_TASK_. Your response should consist of the entire listing, transcribed exactly, with every image left out.

_GIVEN DATA_.

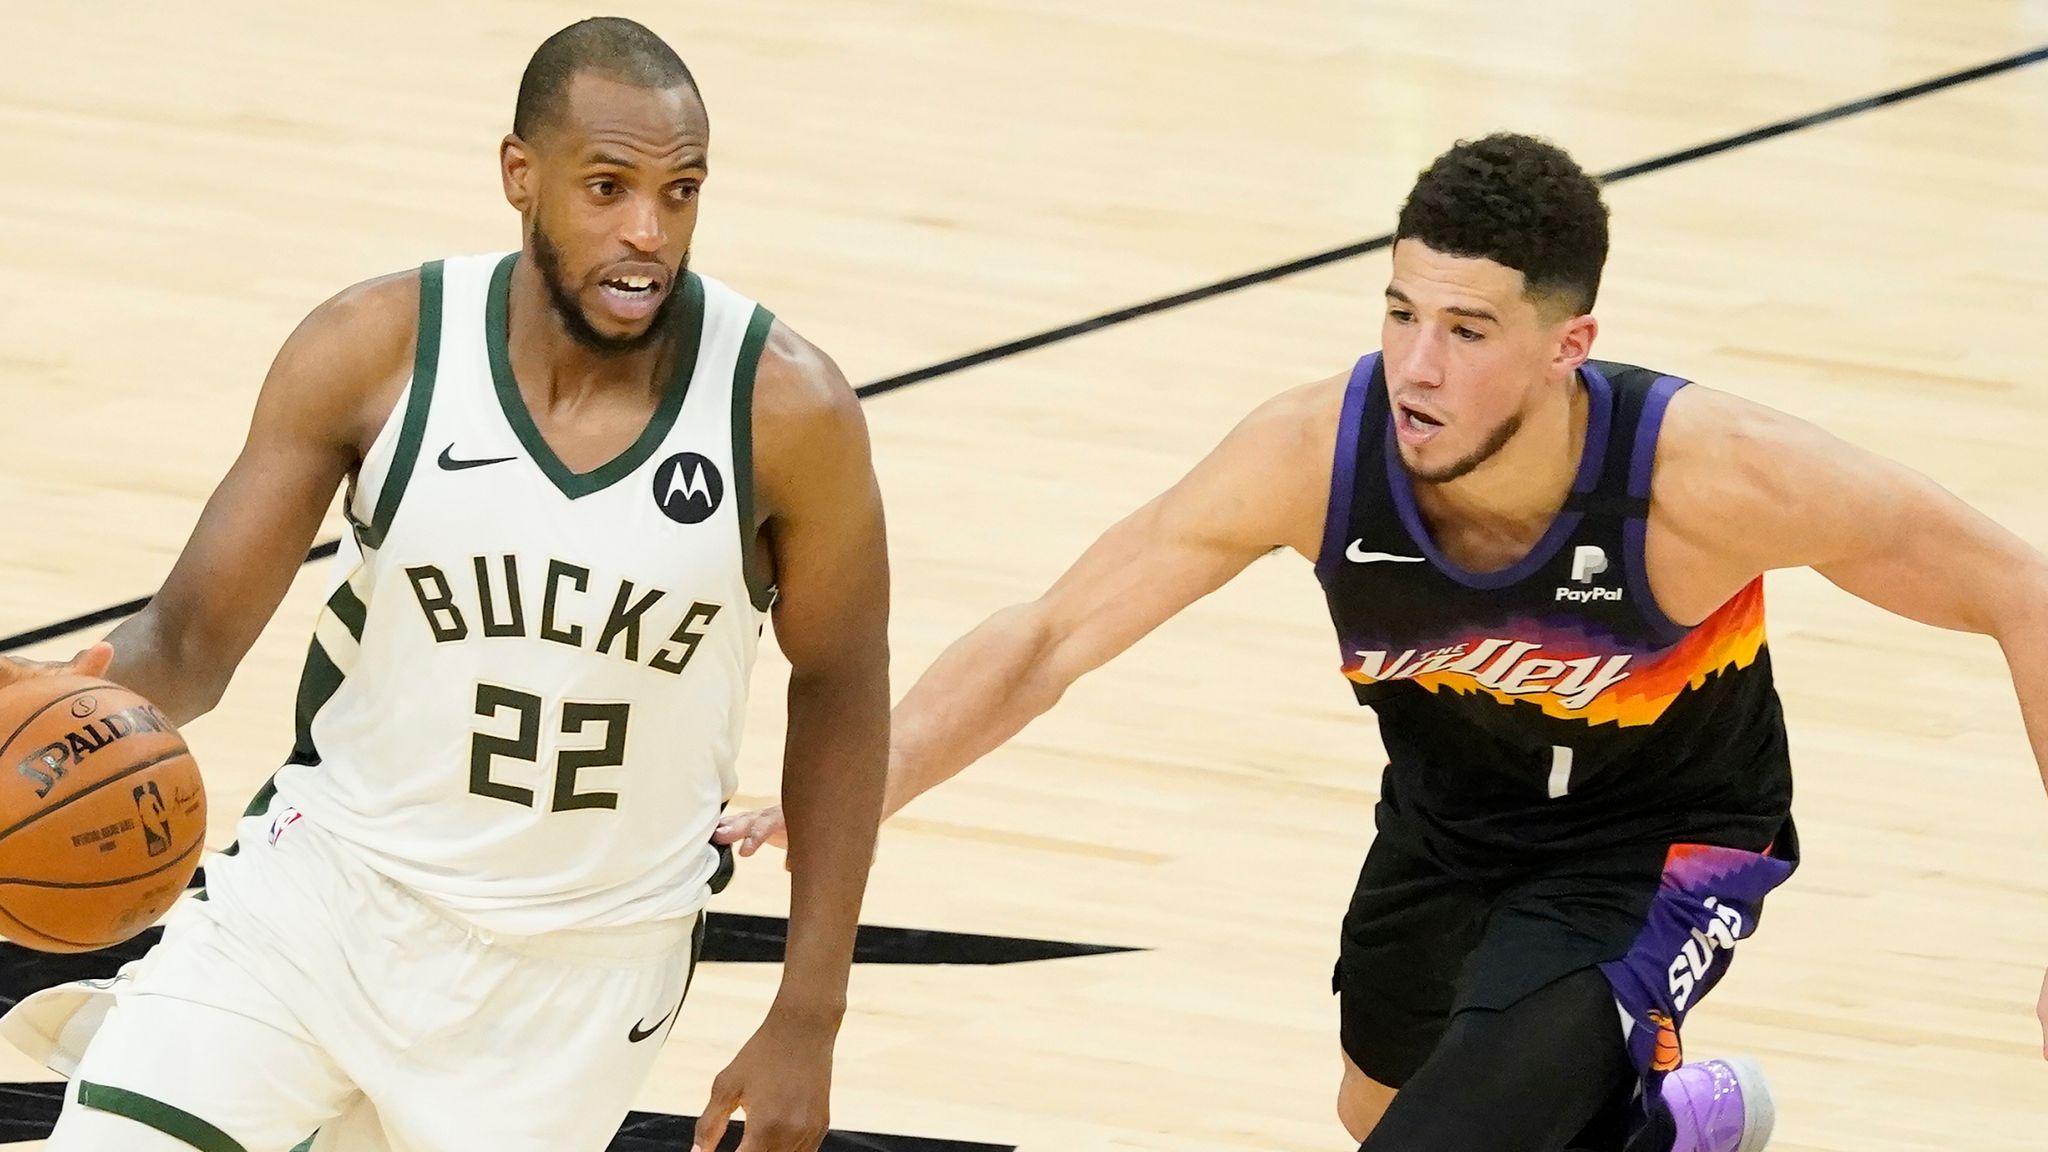 Devin Booker is cheering for Khris Middleton and the Bucks - Los
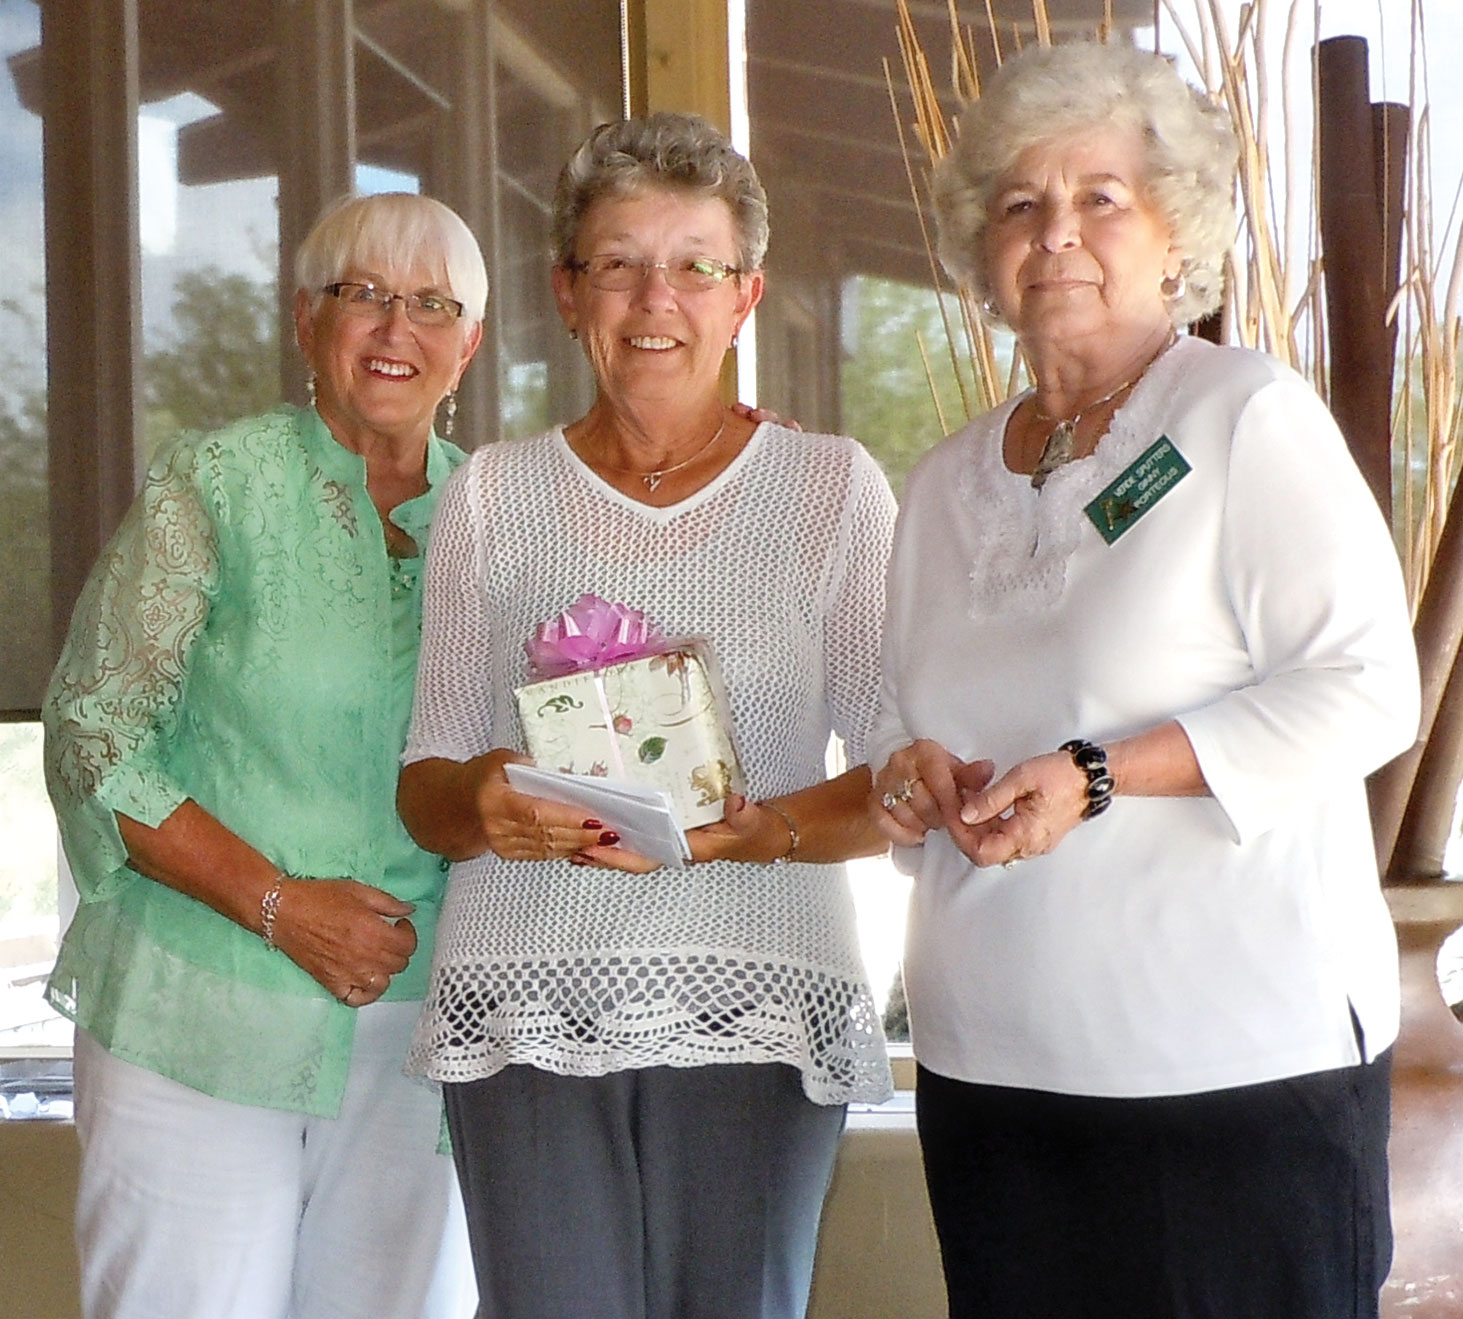 Barbara Rempel receives the 2015 Spirit Award from outgoing Co-presidents Elaine Ackerman and Ginny Porteous
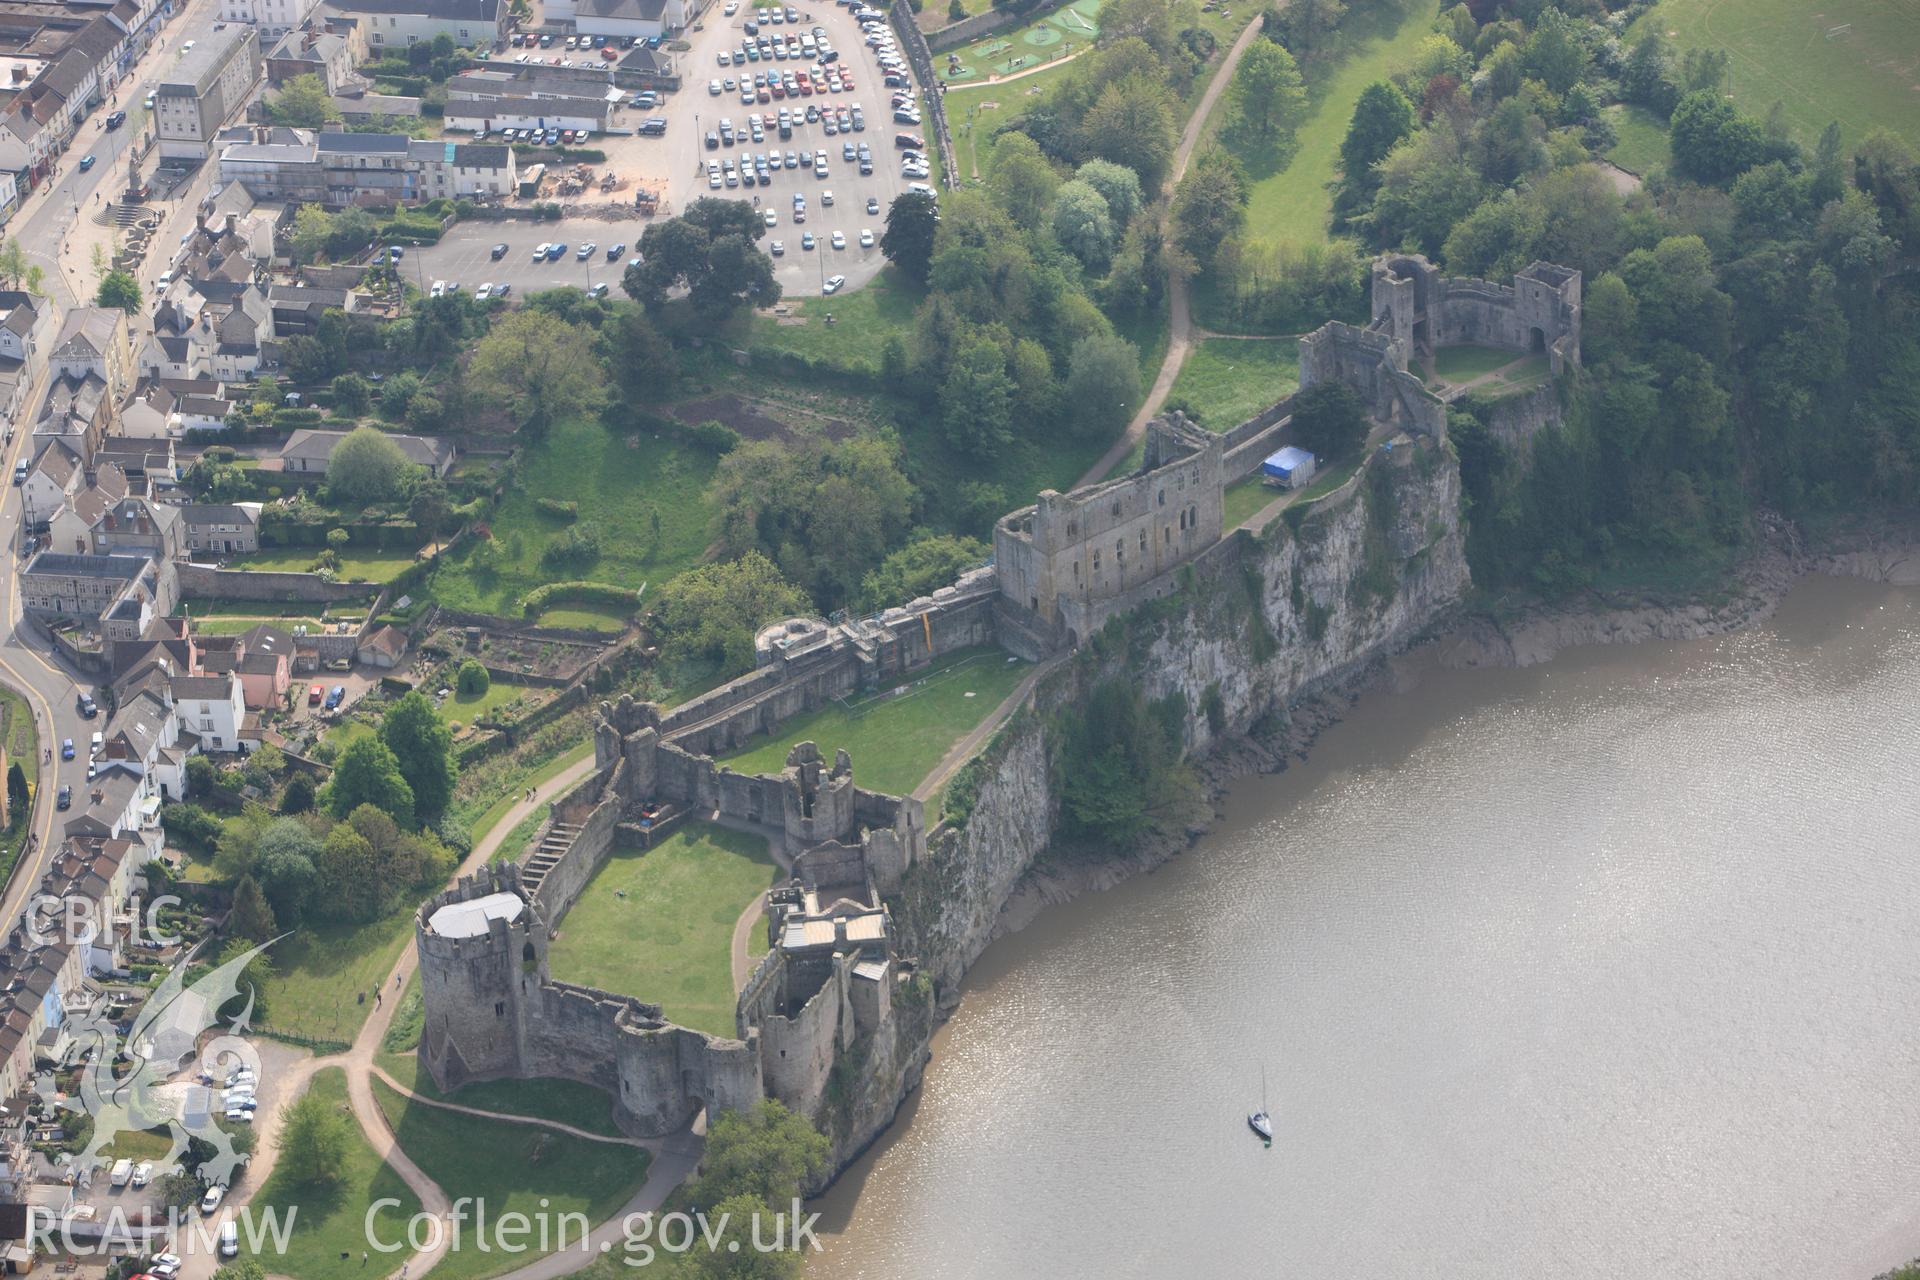 RCAHMW colour oblique photograph of Chepstow Castle. Taken by Toby Driver on 26/04/2011.

_RESULT OF THE EXERCISE_.
 Devin Booker is cheering for Khris Middleton and the Bucks - Los
 Barbara Rempel receives the 2015 Spirit Award from outgoing Co-presidents Elaine Ackerman and Ginny Porteous
 RCAHMW colour oblique photograph of Chepstow Castle. Taken by Toby Driver on 26/04/2011.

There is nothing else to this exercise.